Today, Björk has unveiled the video for her second single off her upcoming album Utopia. “Blissing Me” tells the story of a budding romance, of “falling in love with love.” (Björk has called Utopia her Tinder album, as it’s the lighter follow-up to her 2015 break-up album Vulnicura, though she did recently clarify to The Guardian, “I would never be able to be on Tinder.”) “Is this excess texting a blessing? / Two music nerds obsessing,” sings Björk on her new bond, and then: “Sending each other MP3s.”
But the accompanying gesture she makes in the song’s minimal video, which also finds her crawling, spinning, and flailing like a baby who’s learning all the things her young body can do, is perplexing. Björk makes a texting motion but most smart phones are configured to make such file sharing impossible—you need a computer in order to transfer songs and place them into a player like iTunes in order to be able to listen to them. Maybe she’s being figurative, maybe her phone is somehow cracked to make this kind of transfer possible, maybe Björk has a Björkphone that’s like the Batphone but for music and with way more buttons/capability.
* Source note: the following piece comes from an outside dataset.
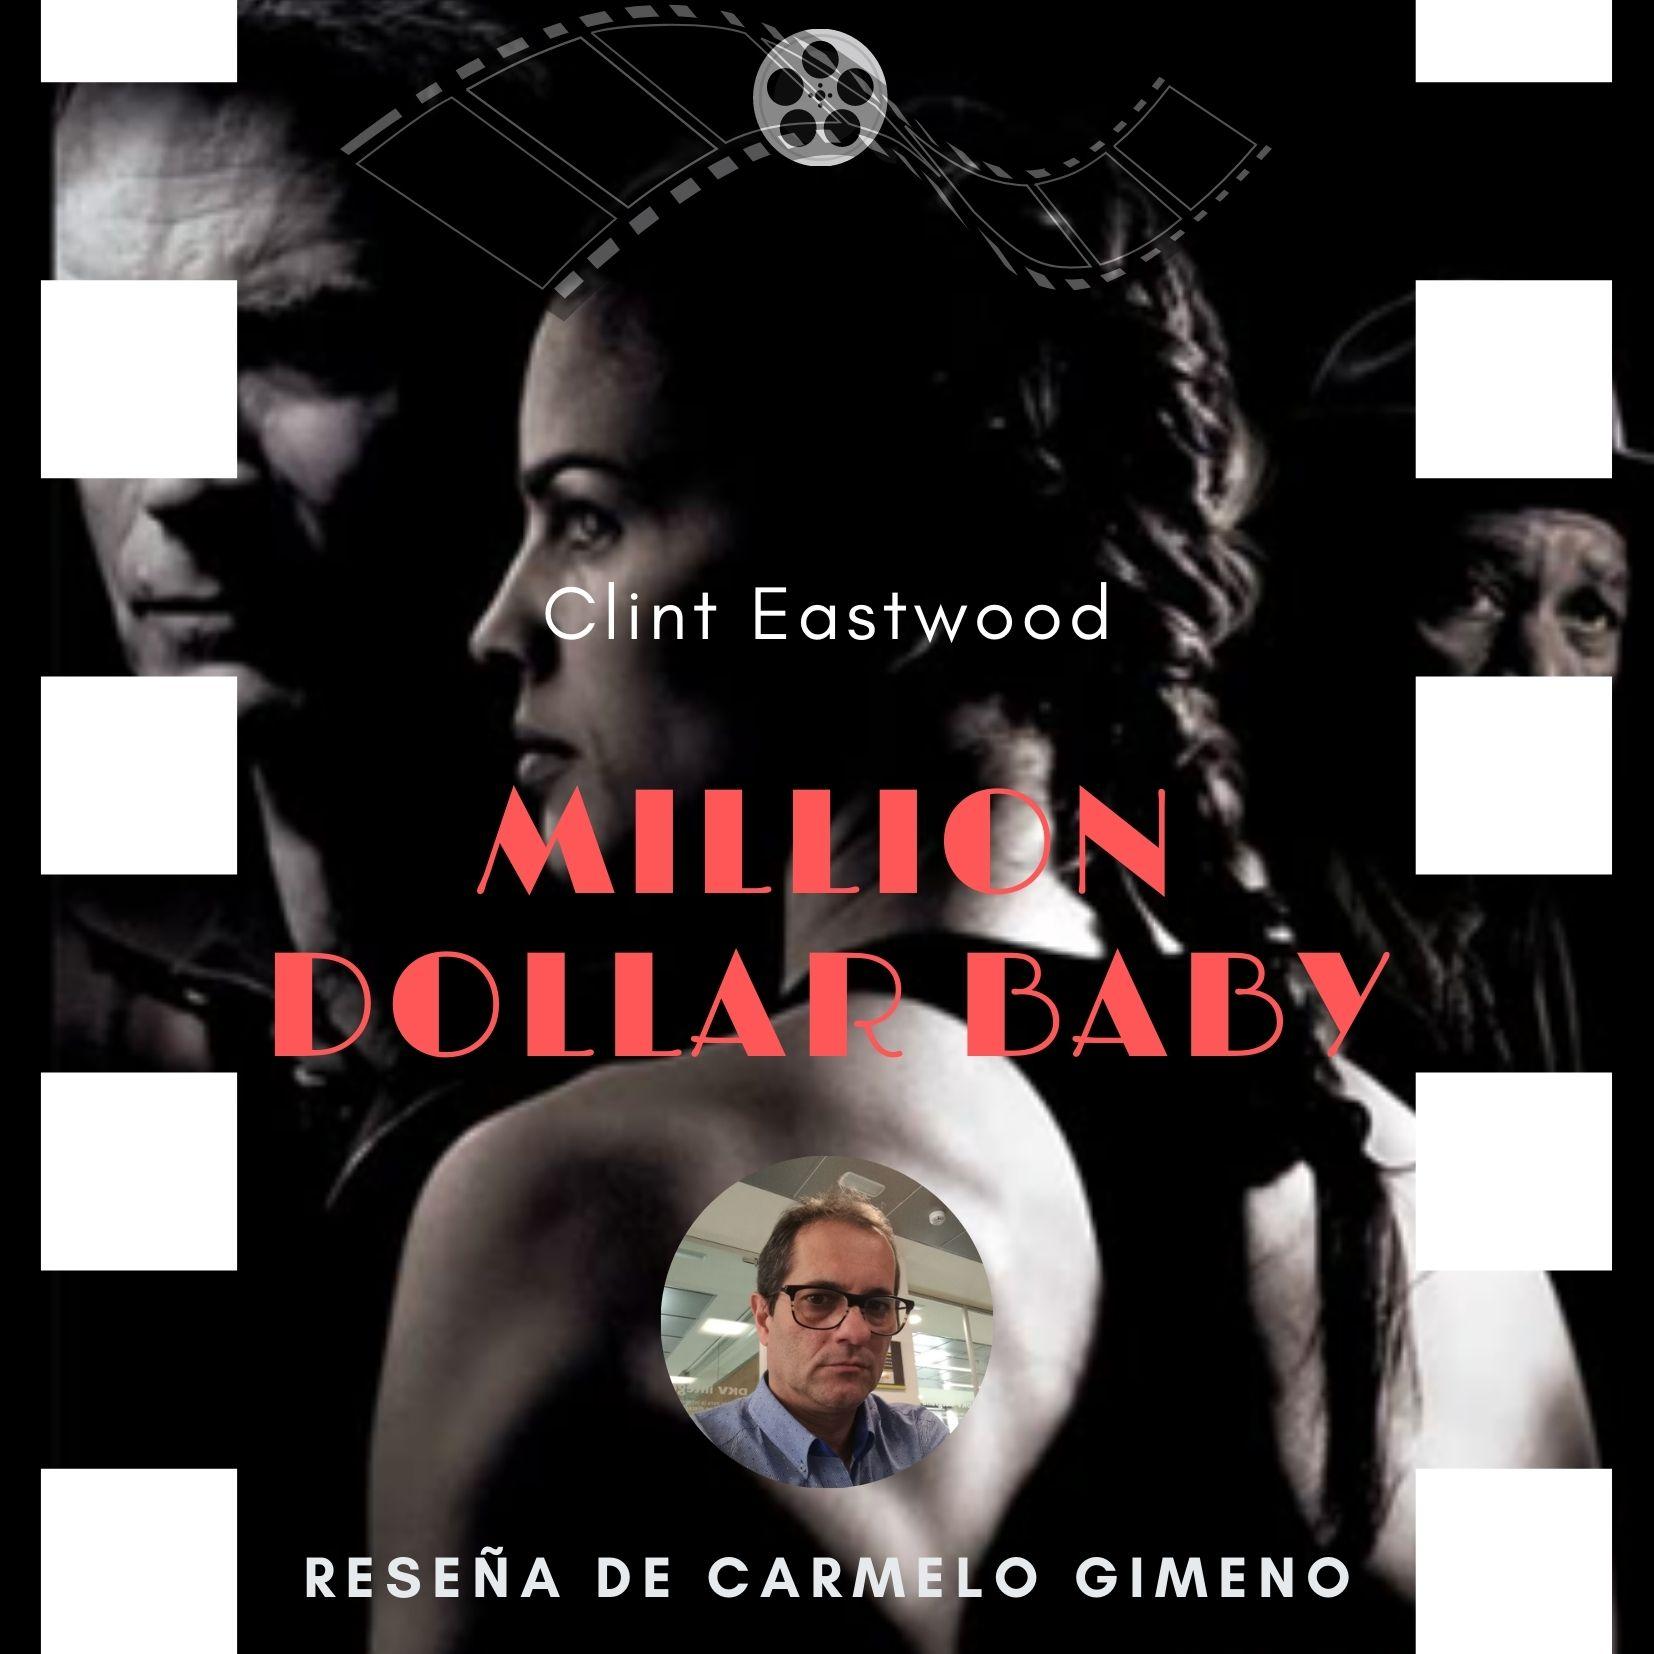 Millon Dollar Baby-reseña carmelo

Or maybe she’s lying with her hands.
Curious.
The song is... ya know, contemporary Björk. Harp-dominant and increasingly layered, it reminds me of something between the Vespertine b-side “Generous Palmstroke” and an original song Mokey would have played on Fraggle Rock. The melody here is more tenacious and dynamic than that of the first Utopia single, “The Gate,” but only slightly—the same four bars of melody are sung ad nauseam in “Blissing Me.” This is not the kind of track I’d spend the time tracking down an MP3 of and then figuring out how to transfer from phone to phone, but I might stream it a couple more times.